To reproduce the issue, I've put together a slim gem5 patch (attached) to
use the memtest.py script to generate accesses. Here's the command line I
used:
% build/X86/gem5.opt --debug-flag=DRAM --outdir=$outdir
configs/example/memtest.py -u 100
If you're still willing to take a stab at it, let me know if/how I can
help. Otherwise, I'll start working on it. It seems the trickiest thing is
going to be modeling the arbitrary frontendLatency and backendLatency while
still counting all of the accesses that are in the controller when it needs
to block back to the input queue. These latencies are currently assessed
with scheduling in the port response queue. Any suggestions you could give
would be appreciated.
Thanks!
Joel
Below here is our conversation from the email thread "[gem5-dev] Review
Request 3116: ruby: RubyMemoryControl delete requests"

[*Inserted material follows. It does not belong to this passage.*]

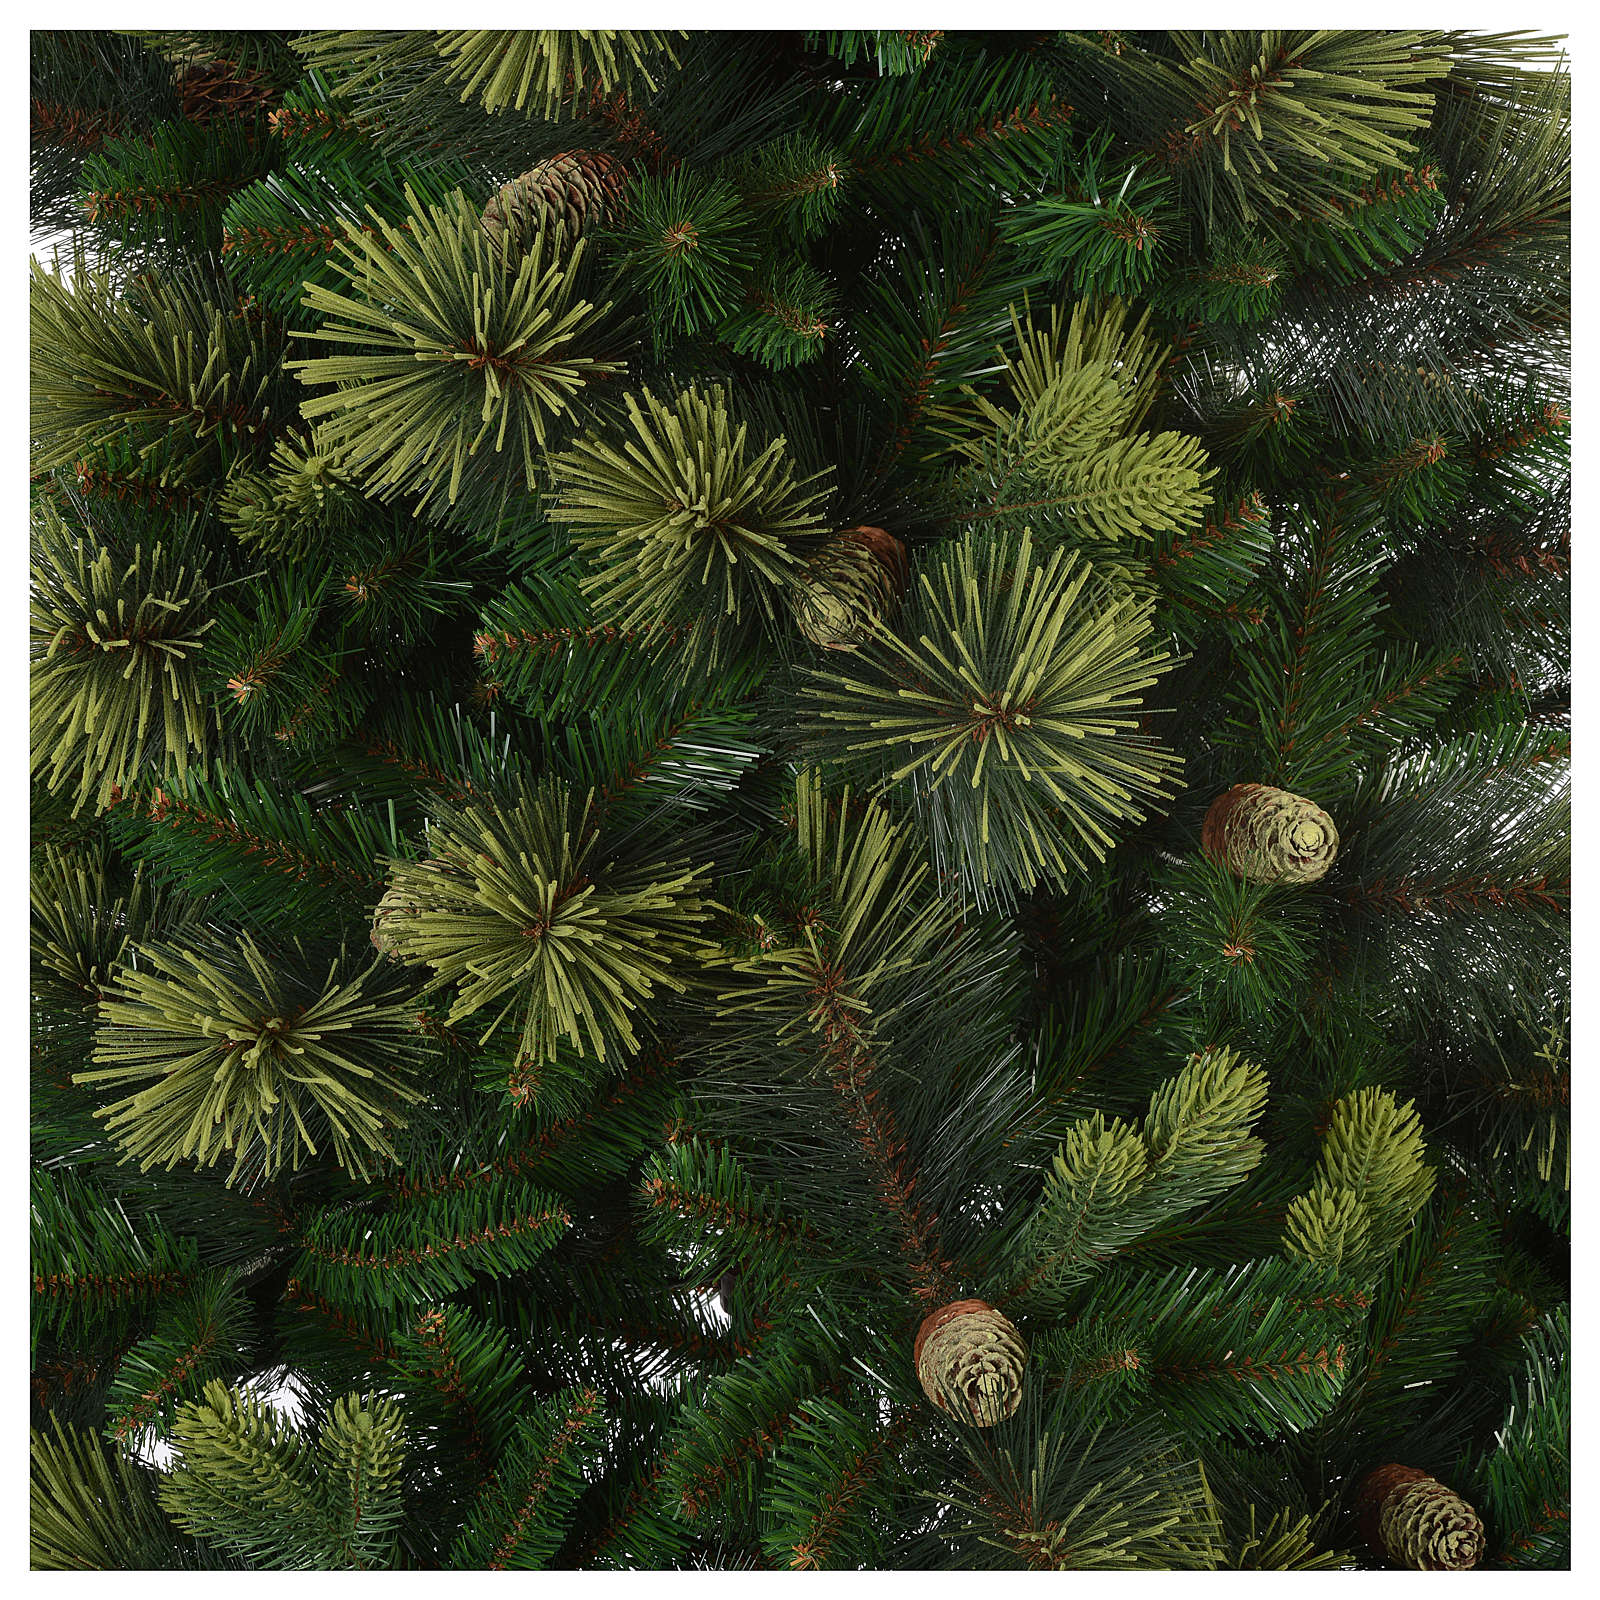 Árbol de Navidad 225 cm verde con piñas modelo Carolina 3

On Wed, Sep 23, 2015 at 3:51 PM, Andreas Hansson <***@arm.com>
wrote:
> Great. Thanks Joel.
>
> If anything pops up on our side I’ll let you know.
>
> Andreas
>
> From: Joel Hestness <***@gmail.com>
> Date: Wednesday, 23 September 2015 20:29
>
> To: Andreas Hansson <***@arm.com>
> Cc: gem5 Developer List <gem5-***@gem5.org>
> Subject: Re: [gem5-dev] Review Request 3116: ruby: RubyMemoryControl
> delete requests
>
>
>
>> I don’t think there is any big difference in our expectations, quite the
>> contrary :-). GPUs are very important to us (and so is throughput computing
>> in general), and we run plenty simulations with lots of memory-level
>> parallelism from non-CPU components. Still, we haven’t run into the issue.
>>
>
> Ok, cool. Thanks for the context.
>
>
> If you have practical examples that run into problems let me know, and
>> we’ll get it fixed.
>>
>
> I'm having trouble assembling a practical example (with or without using
> gem5-gpu). I'll keep you posted if I find something reasonable.
>
> Thanks!
> Joel
>
>
>
>> From: Joel Hestness <***@gmail.com>
>> Date: Tuesday, 22 September 2015 19:58
>>
>> To: Andreas Hansson <***@arm.com>
>> Cc: gem5 Developer List <gem5-***@gem5.org>
>> Subject: Re: [gem5-dev] Review Request 3116: ruby: RubyMemoryControl
>> delete requests
>>
>> Hi Andreas,
>>
>>
>>> If it is a real problem affecting end users I am indeed volunteering to
>>> fix the DRAMCtrl use of QueuedSlavePort. In the classic memory system there
>>> are enough points of regulation (LSQs, MSHR limits, crossbar layers etc)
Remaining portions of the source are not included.